Bing gaining on Google? Not necessarily

The change is not nearly as dramatic as it appears at a glance.

Have you heard the news? Microsoft's Bing is taking a bite out of Google, boasting first-month market share gains while the competition's stronghold slips away! At least, that's what some headlines around the Web might lead you to believe this week.

The truth, though, is that the change is not nearly as dramatic as it appears at a glance. While Bing has, according to certain data, minimally increased Microsoft's search market share, Google's position has not significantly shifted.

Bing vs. Google: The Buzz

All the buzz comes from a new search market analysis by Web stats company StatCounter.
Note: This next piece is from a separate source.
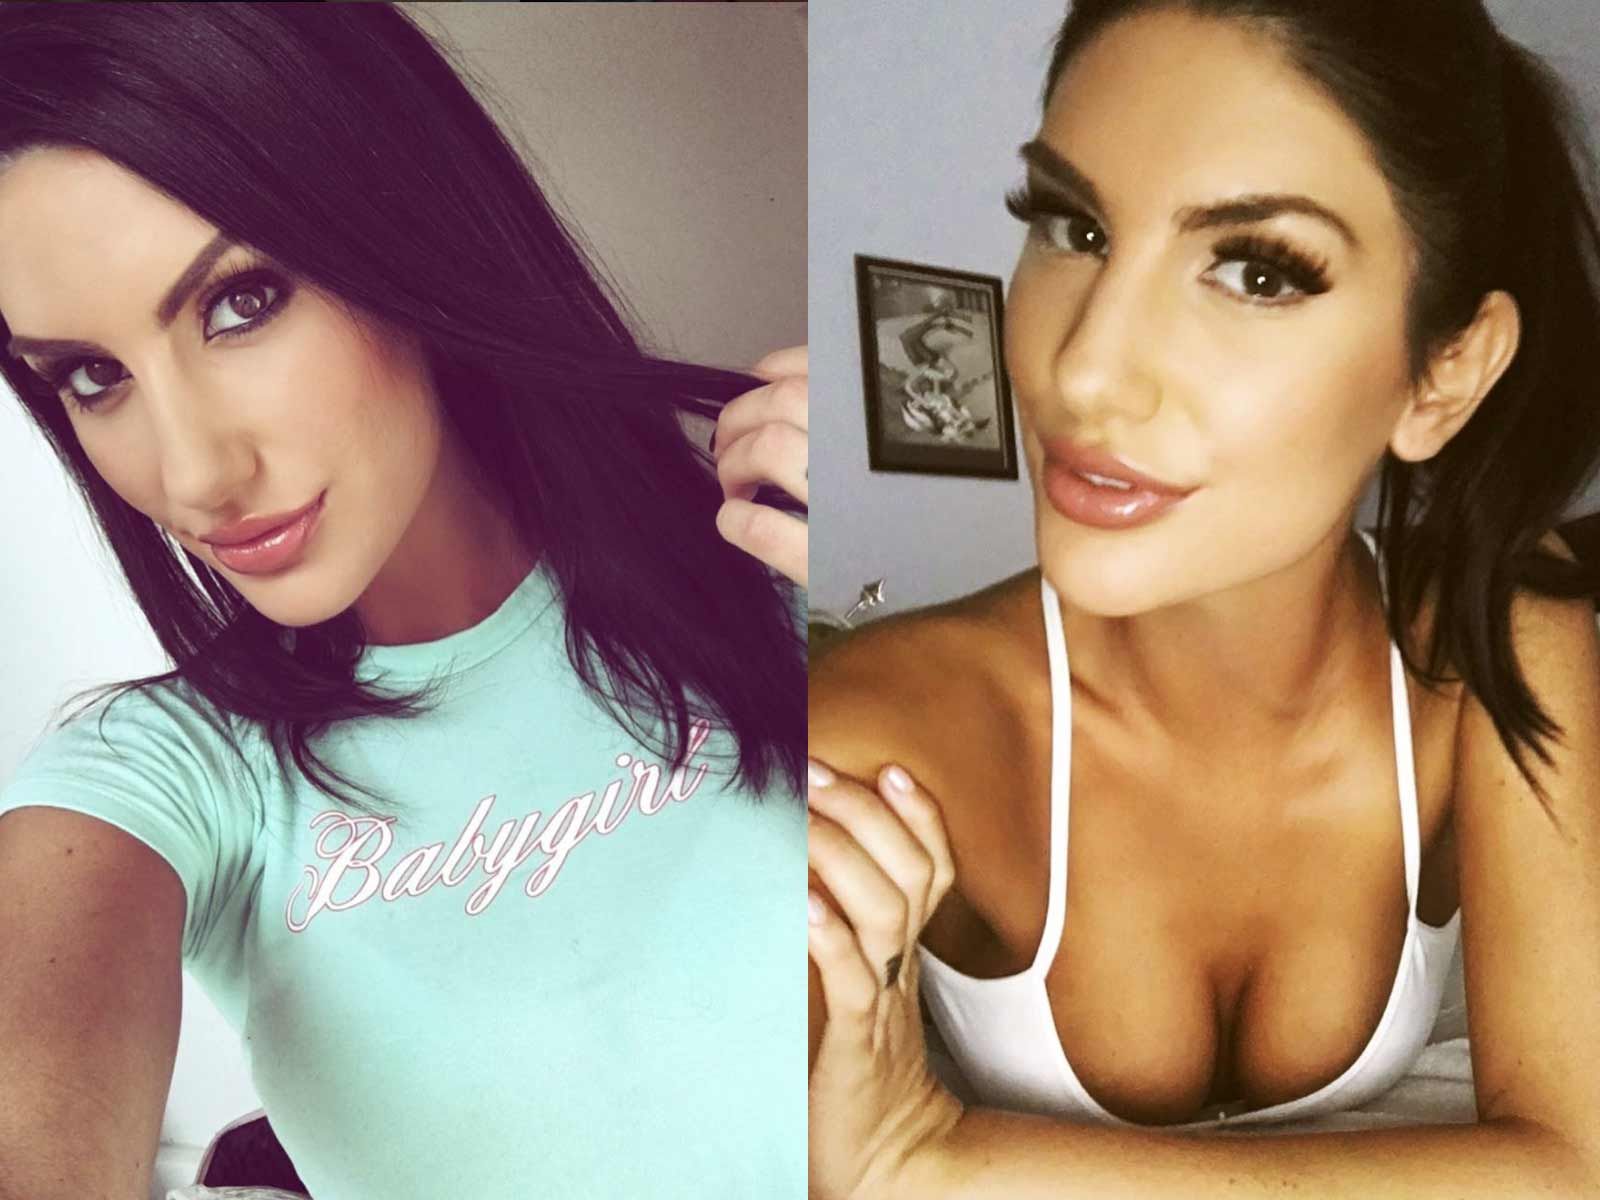 Porn Suicide - Pornstar August Ames Dies at 23, Suicide By Hanging (UPDATE)

Bing, the researchers say, secured 8.23 percent of all U.S.-based searches for the month of June. (Bing officially launched on June 3.) The previous month, StatCounter shows Microsoft sitting at 7.81 percent of U.S. searches. That amounts to a month-to-month increase of just under half a percentage point following Bing's debut.
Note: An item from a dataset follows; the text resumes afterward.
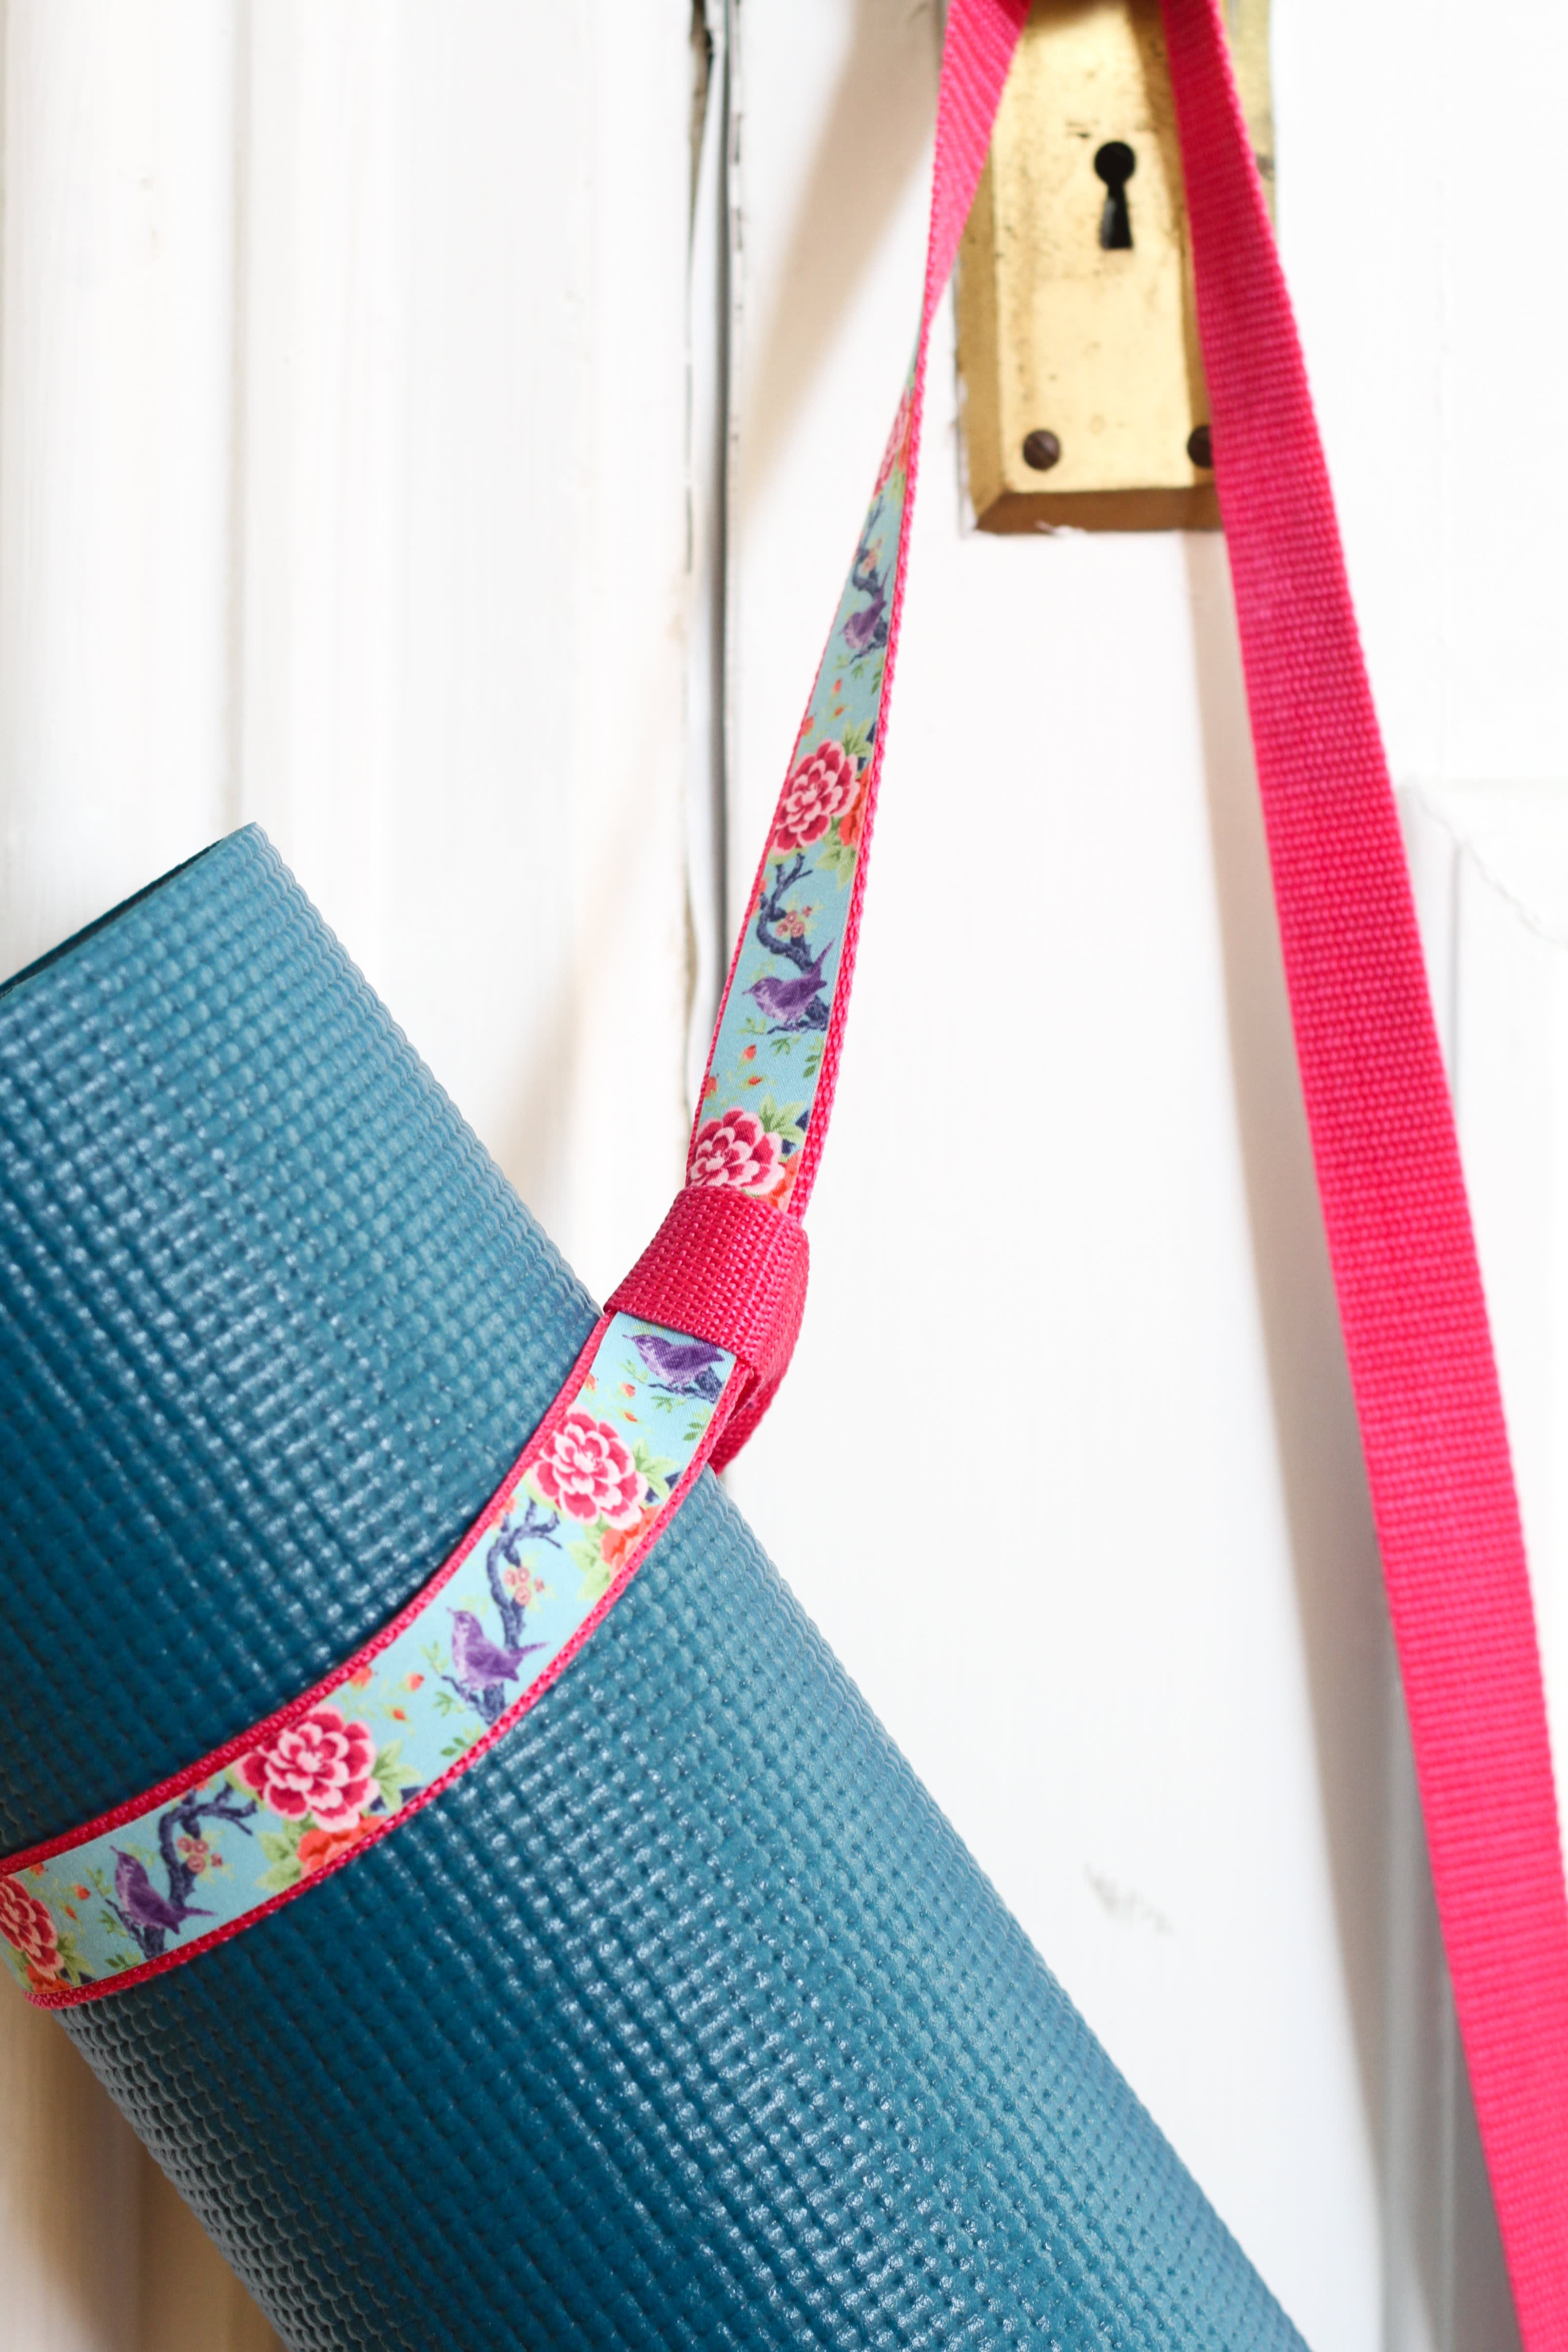 How To Make A Simple DIY Leather Yoga Mat Strap

Google, during that same time span, dropped from 78.72 percent to 78.48 of U.S. searches -- a decrease of 0.24 percent, according to StatCounter's data. Looking back to April, the difference becomes slightly less apt to be obliterated by a sneeze: Google's two-month drop amounts to 0.59 percent, while Microsoft's April-to-June gain comes out to 1.02 percent.

The Bing Picture

The numbers, obviously, are quite small -- but perhaps more important is the fact that zeroing in on such a short period of time makes it difficult to reach any real conclusions. Sticking with StatCounter's data, you'll find that Google's market share has actually fluctuated fairly regularly over the past several months. In March, for example, Google randomly dipped down to 76.49 percent of U.S. searches. Then, it bounced back to 79.08 a month later. Why? Who knows. But it wasn't because of Bing -- that word hadn't even entered our vocabulary as a proper noun at that point.
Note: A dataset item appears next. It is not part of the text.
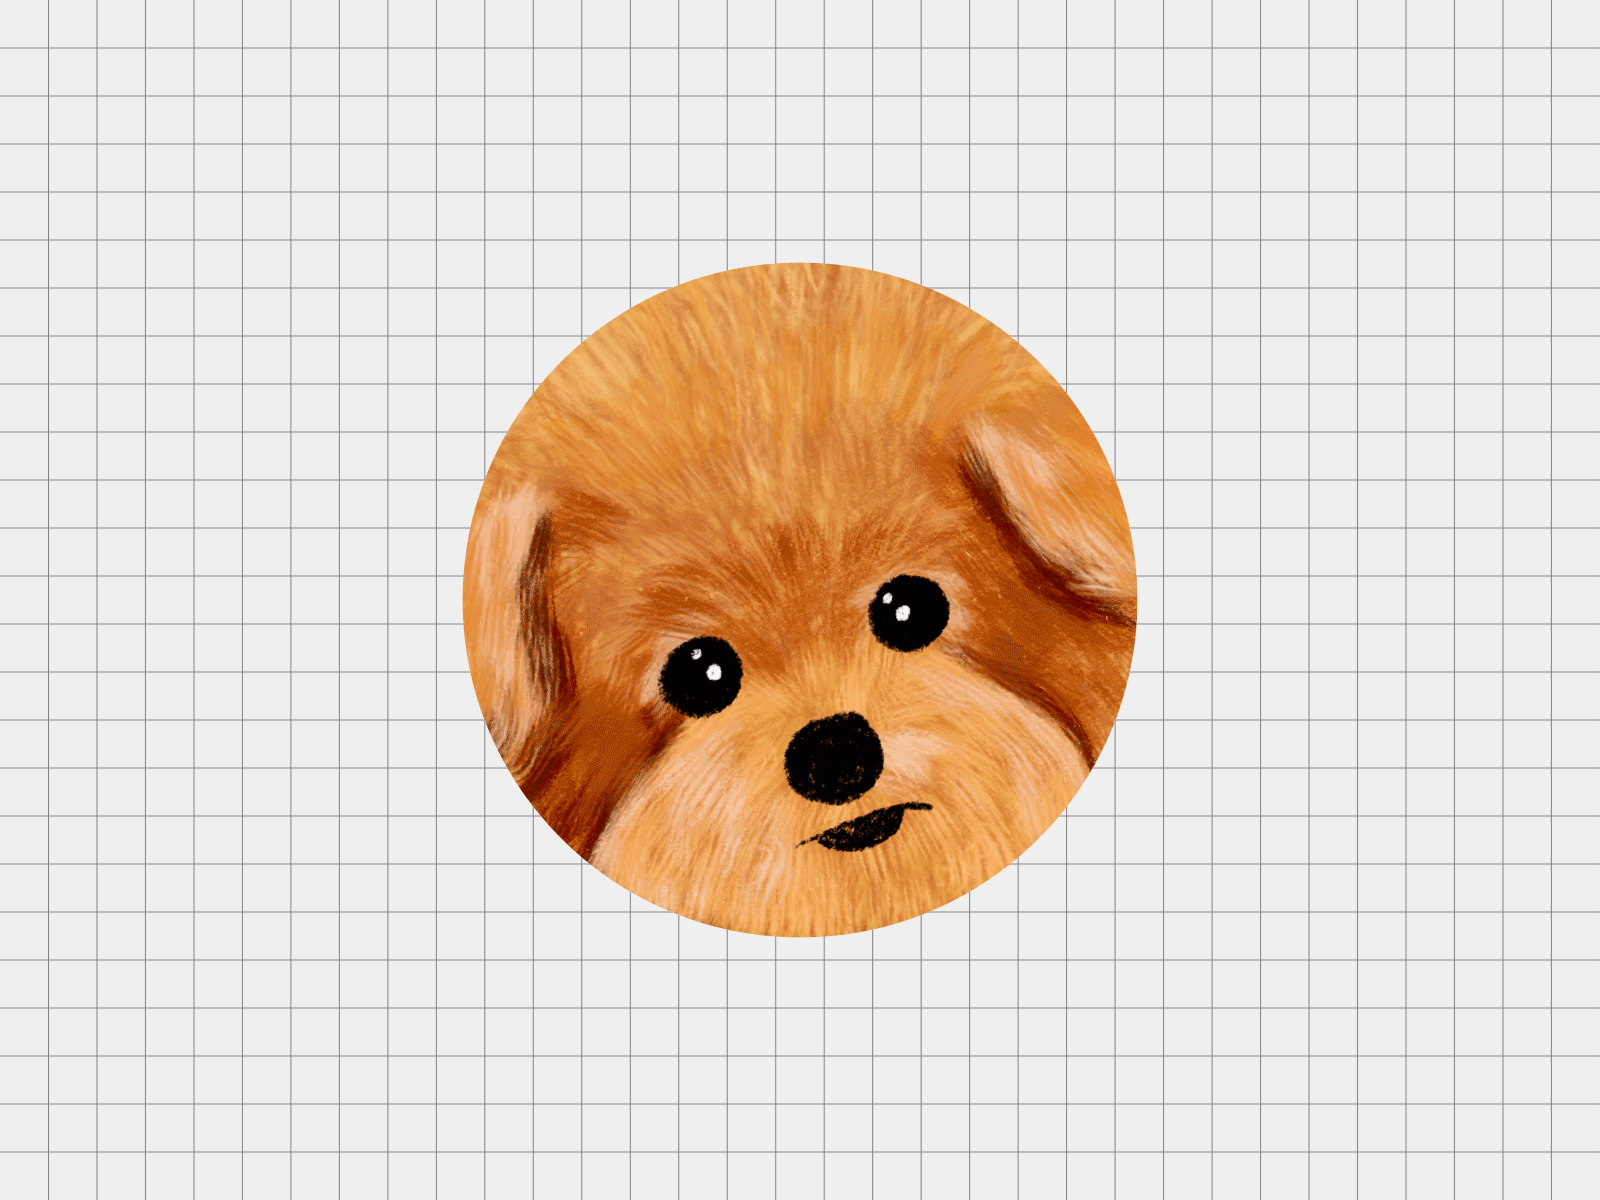 Dog Circle GIF Loop by Jormation on Dribbble

What this appears to indicate is that, whether as a result of shifting usage or margin of error within the measurement, the numbers do bounce around occasionally. Putting too much stock into a minor two-month change, then, seems a bit premature.

What's more, early metrics from other analytics companies have suggested Google may have actually seen gains as a result of Bing's arrival. Just a couple of weeks ago, the crew from Compete theorized that users were trying Bing but not abandoning their standard search engines and switching allegiance.

In the end, it's simply too soon to call the race; the amounts of change just haven't been significant so far. Bing is far from being out of the running, but it also has yet to complete any awe-inspiring laps.

Maybe some projectile vomit-filled ads are what Bing's campaign is missing. Does anyone have the number for Microsoft's IE marketing department?